Finally, the steps of kernel principal component analysis are summarised as follows: a. Calculate the kernel matrix K. b. Calculate the eigenvalues and corresponding eigenvectors of K/n and extract the top r eigenvalue (according to the magnitude of the cumulative contribution), and normalise the eigenvectors. c. Calculate the projection of the samples.

The kernel function can be equated to the inner product of the feature space, which has the advantage that we do not need to know what the exact expression of ϕ is, but only the specific form of the kernel function. The kernel function is not randomly chosen, according to Mercer’s theorem, function K can be used as a kernel function is sufficiently necessary: the use of the input dataset K is semi-positive definite, common kernel functions include the following four: 1)

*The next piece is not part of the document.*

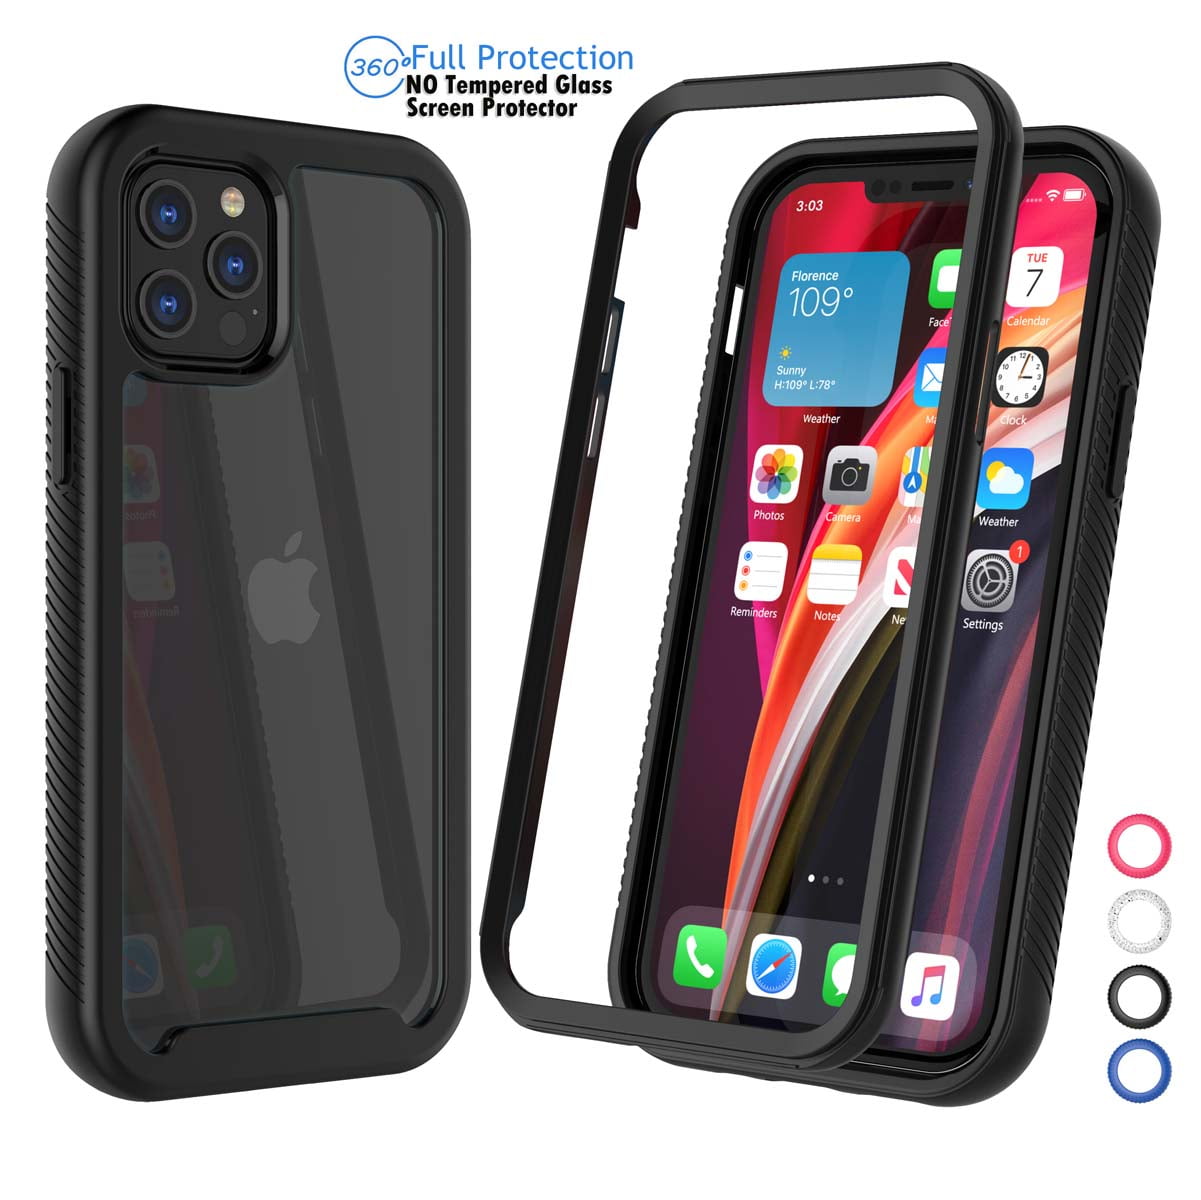 Back case for iPhone 12 Pro max Black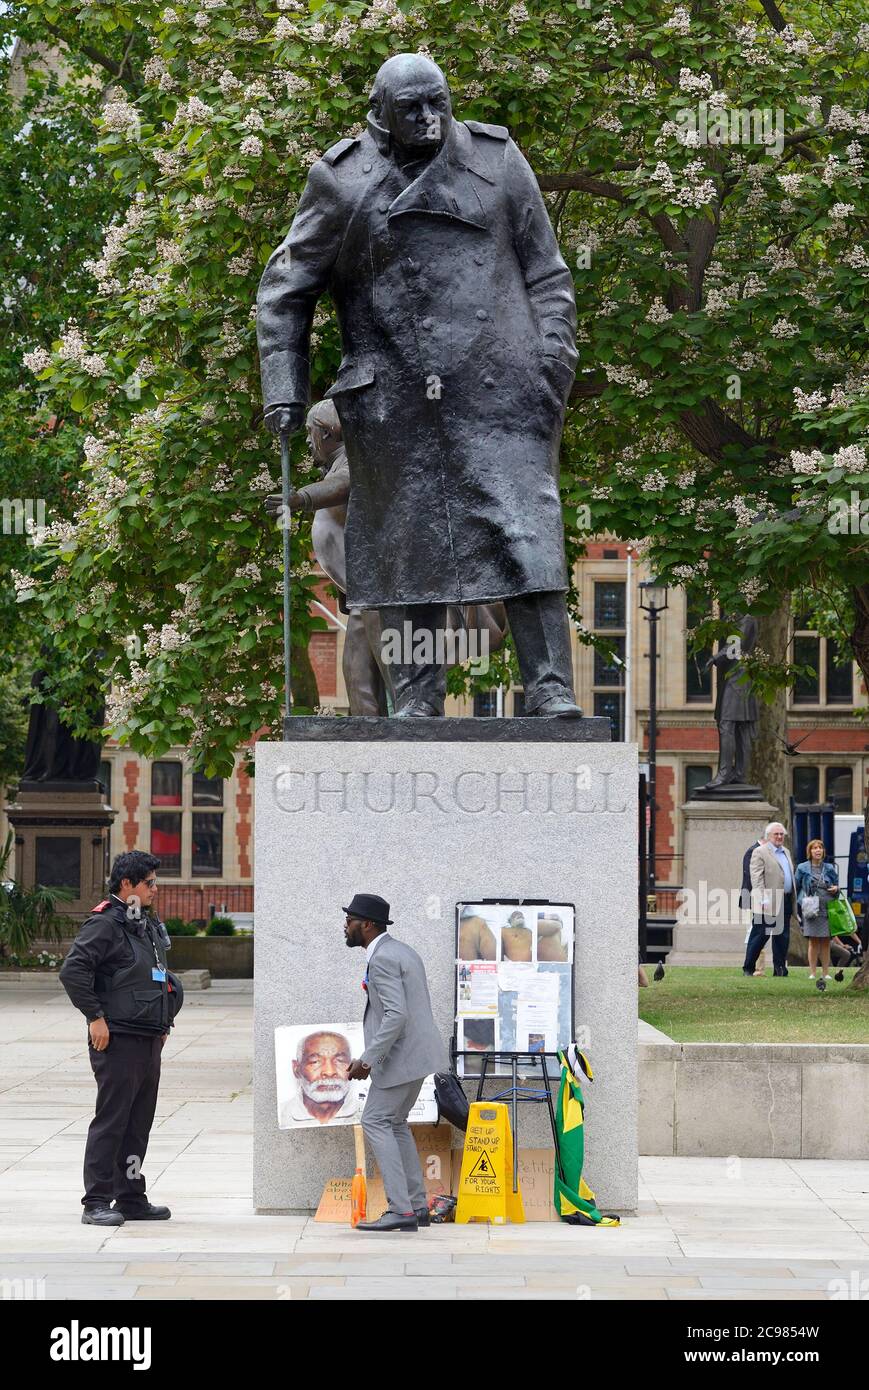 London, England, UK. Lone Windrush demonstrator arguing with a Heritage Warden in Parliament Square about his activities by the Churchill statue Stock Photo

Linear kernel function: (21) $K (x, y) = x \cdot y$

2)

Polynomial kernel functions: (22) $K (x, y) = {(x \cdot y + θ)}^{q}$

3)

Gaussian kernel function: (23) $K (x, y) = \exp (- \frac{ǁ x - y ǁ^{2}}{2 σ^{2}})$

4)

Sigmoid kernel function: (24) $K (x, y) = \tanh (x \cdot y + θ)$

2.1.4

k-means clustering algorithm based on dimensionality reduction

1)

The main idea of k-means clustering algorithm based on dimensionality reduction

Kernel Principal Component Analysis (KPCA) is a commonly used method for dimensionality reduction of high dimensional data, but since the computational complexity of KPCA does not increase with the dimension of the transformed space but is only related to the dimension of the input space, the computational volume of the algorithm is greatly increased with the increase in the dimension of the data when dealing with large-scale high-dimensional data, so this paper improves it by firstly, based on the information entropy value of the attributes and the specified threshold value, each attribute whose attribute entropy value is greater than the specified threshold value is initially screened, the attribute with small contribution is removed, and the useful attribute information is extracted, and then the extracted attributes are subjected to kernel principal component analysis, so as to achieve the dimensionality reduction of the data, and finally the k-means algorithm is implemented on the dimensionality-reduced data, so as to improve the computational efficiency.

2)

Steps of k-means clustering algorithm based on dimensionality reduction

Let the dataset to be clustered containing n sample data X = {x₁, x₂, ⋯, x_n} ∈ R^p, where x_j = (x_j1, x_j2, ⋯, x_jp)^r is a p-dimensional vector and ε denotes the prescribed information entropy threshold.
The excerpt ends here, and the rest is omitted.